Ahmadinejad's rhetoric was also echoed by Iran's supreme leader, Ayatollah Ali Khamenei, who predicted that Annapolis was "doomed to failure."
He told militia volunteers that "they hope the conference will help the usurping Zionist regime and save the honor of the Black House."
The Iranian-backed Hamas, presumably considered by Teheran to be among the "true representatives of the Palestinian people," also denounced the Annapolis gathering, as did the Iranian-backed Hizbullah in Lebanon.
And there were tellingly-timed new warnings from Hamas and from Iran itself about their development of new missile capabilities.
Iranian Defense Minister Mostafa Muhammad-Najjar announced "a victory for the Defense Ministry" on Tuesday in its development of a 2,000-kilometer-range missile, the "Ashura," which would bring European targets into range.
And Hamas spokesman Ahmad Yousef declared on Sunday that Hamas could make deadlier Kassam rockets to fire into Israel. In Damascus, meanwhile, Hamas leader Moussa Abu Marzouk warned of escalated violence after Annapolis "in all its forms and means."

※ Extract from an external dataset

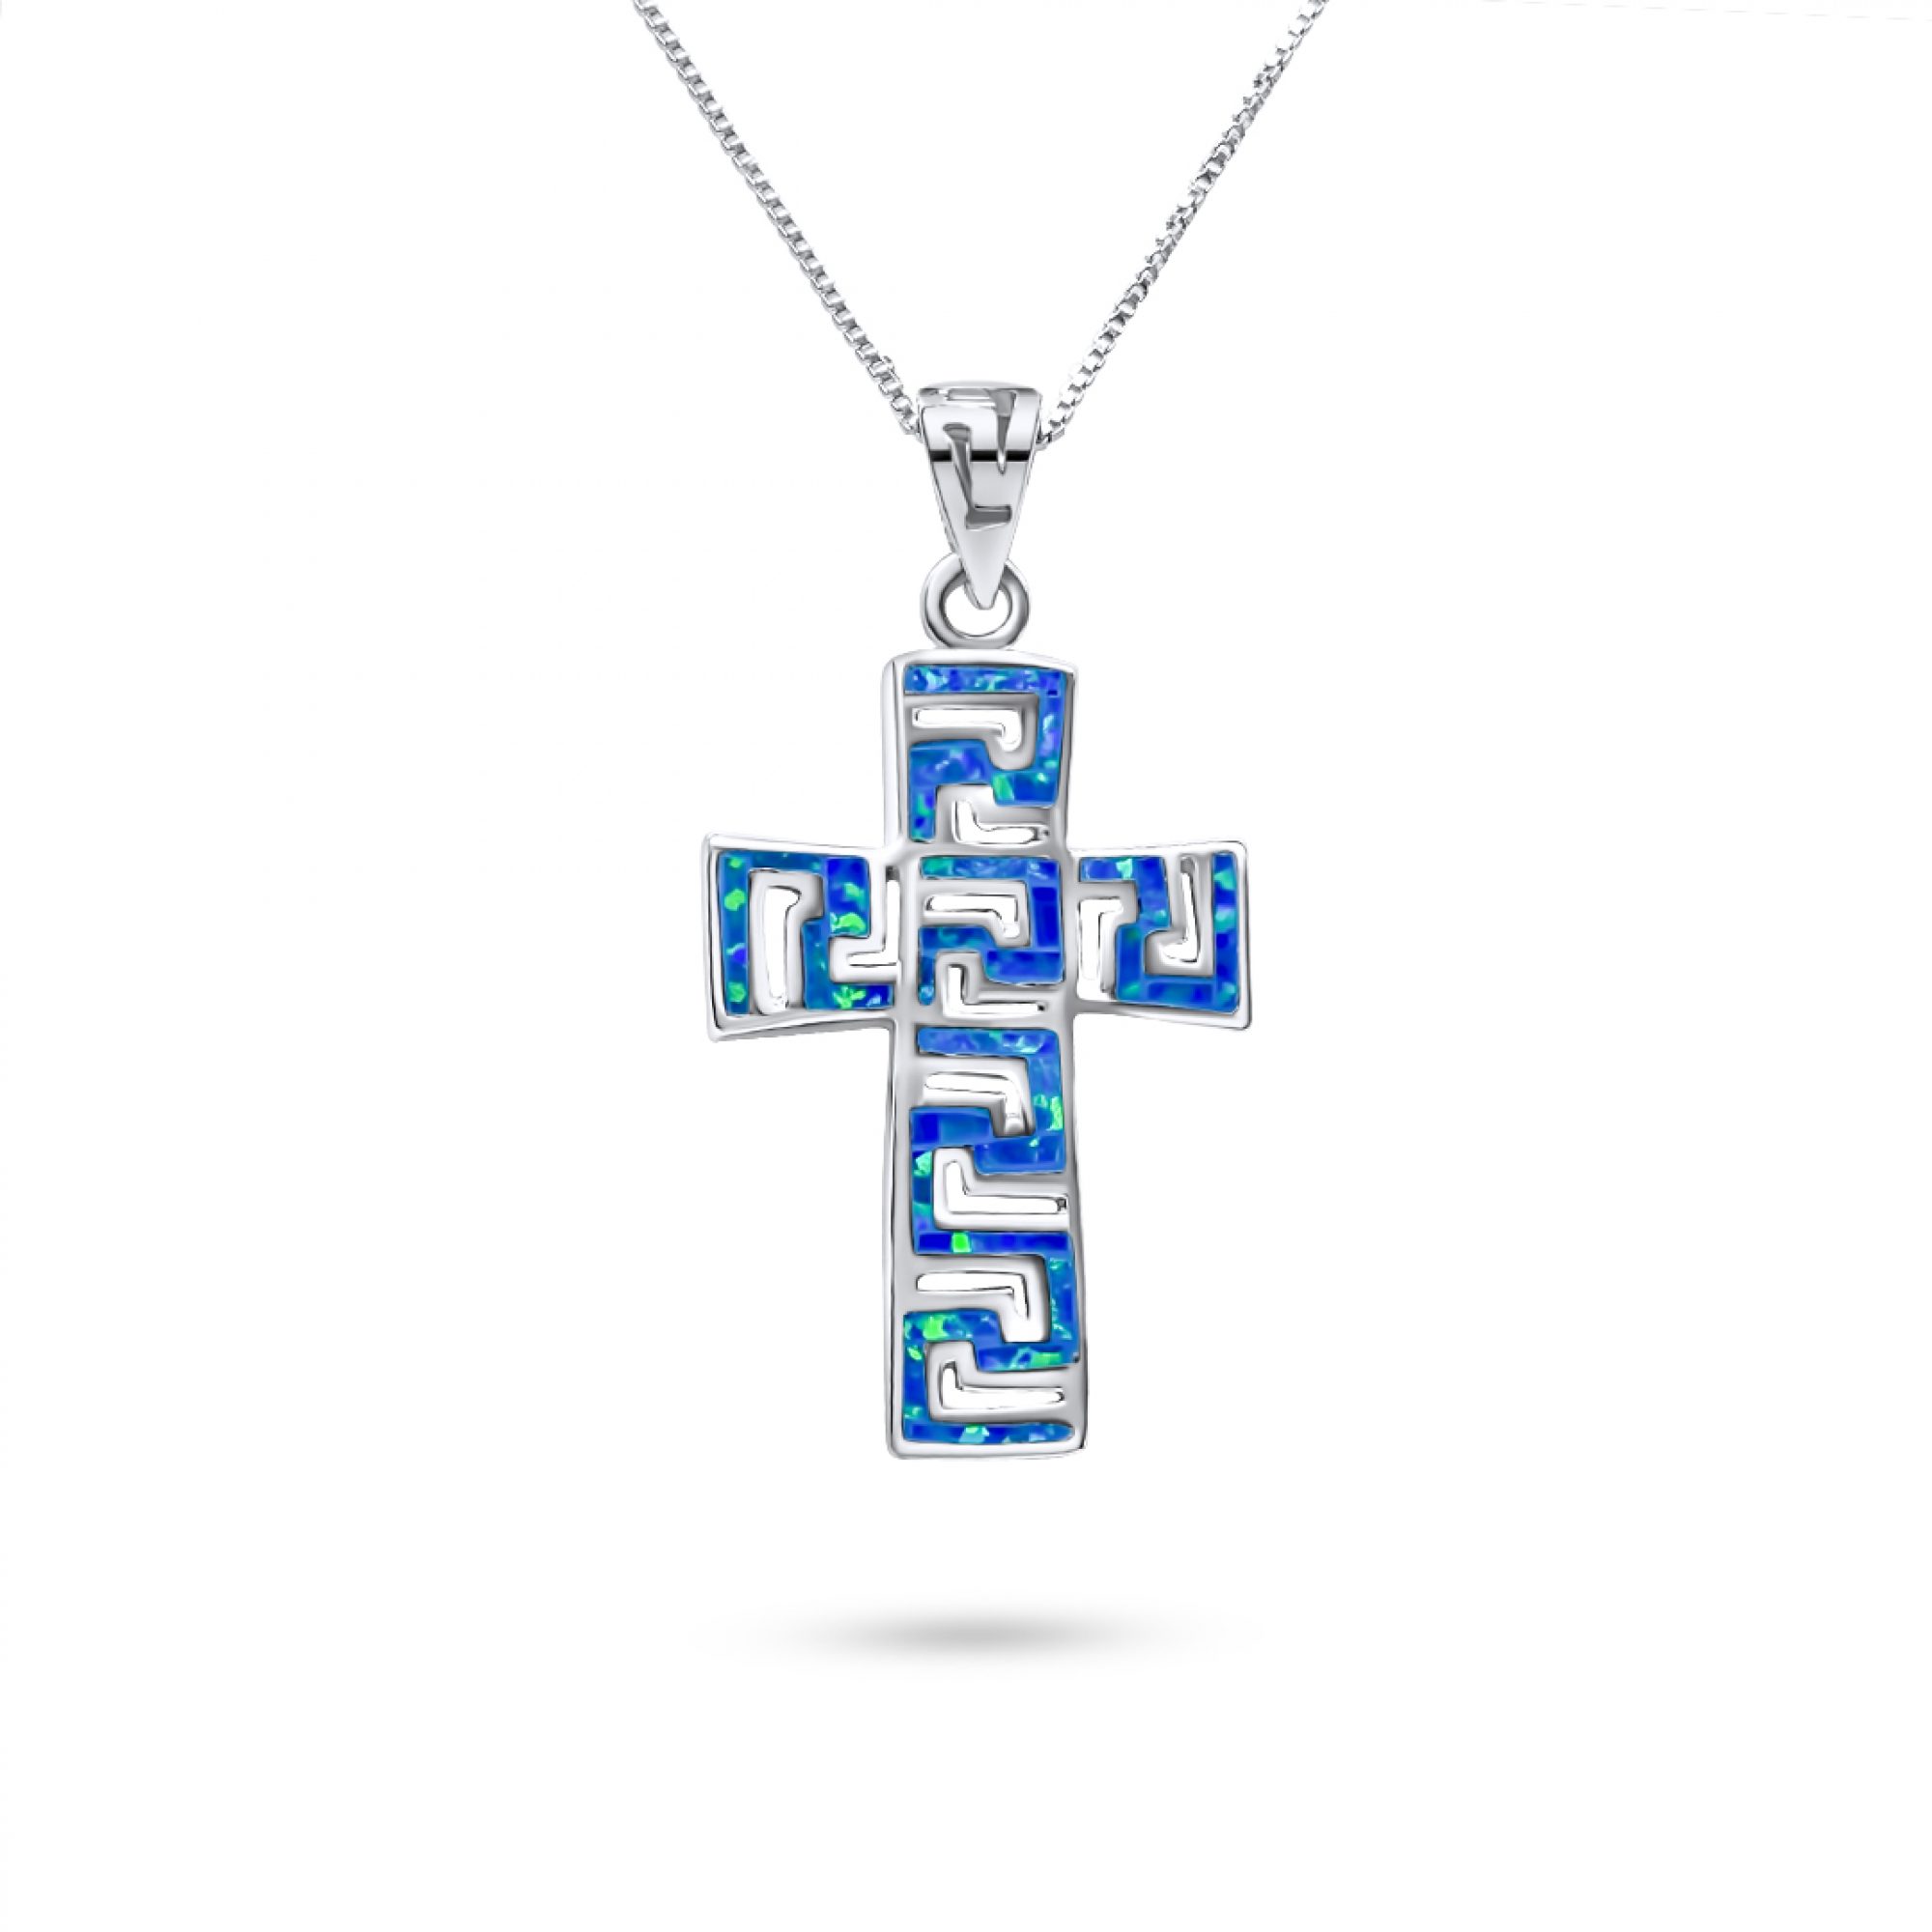 Opal cross pendant

Along with the Arab states, vital potential partners of the US and Israel in the bid to thwart Iran were notably present at Annapolis, with France, Britain, Germany, Italy, China and Russia all represented at the level of foreign minister. France and the UK are publicly committed to stepped-up sanctions aimed at persuading Teheran to change course.
Much of the international community is awaiting next month's United Nations Security Council discussion of new reports into Iran's nuclear program, including an assessment by the International Atomic Energy Agency (IAEA) of its scope and of the degree of Iranian compliance with inspection requirements.
The two key holdouts against intensified sanctions, Russia and China, have said they would reassess their positions in light of the imminent new reports. And there has been some speculation here that the revived talk of Russia hosting post-Annapolis talks on multilateral Middle East peace tracks - an idea the Russians say the US is now supporting in principle - may be part of an effort to give Moscow a greater peacemaking role and deepen its partnership with other international players in seeking to deter Iran.
Olmert has stated in the past that "Israel can't accept the possibility of Iranians having nuclear weapons, and we will act together with the international forces, starting with America, in order to prevent it."
Israel's strong preference is still for sanctions to deter Iran, rather than any resort, by any player, to immensely complex military action with potentially significant repercussions.
Plainly, though, time is limited, as Iran maintains its nuclear program in defiance of international pressure, and as the Bush administration heads into its final year. After Wednesday, Bush and Olmert may not have too many more opportunities to forge a definite position on thwarting Iran one way or another.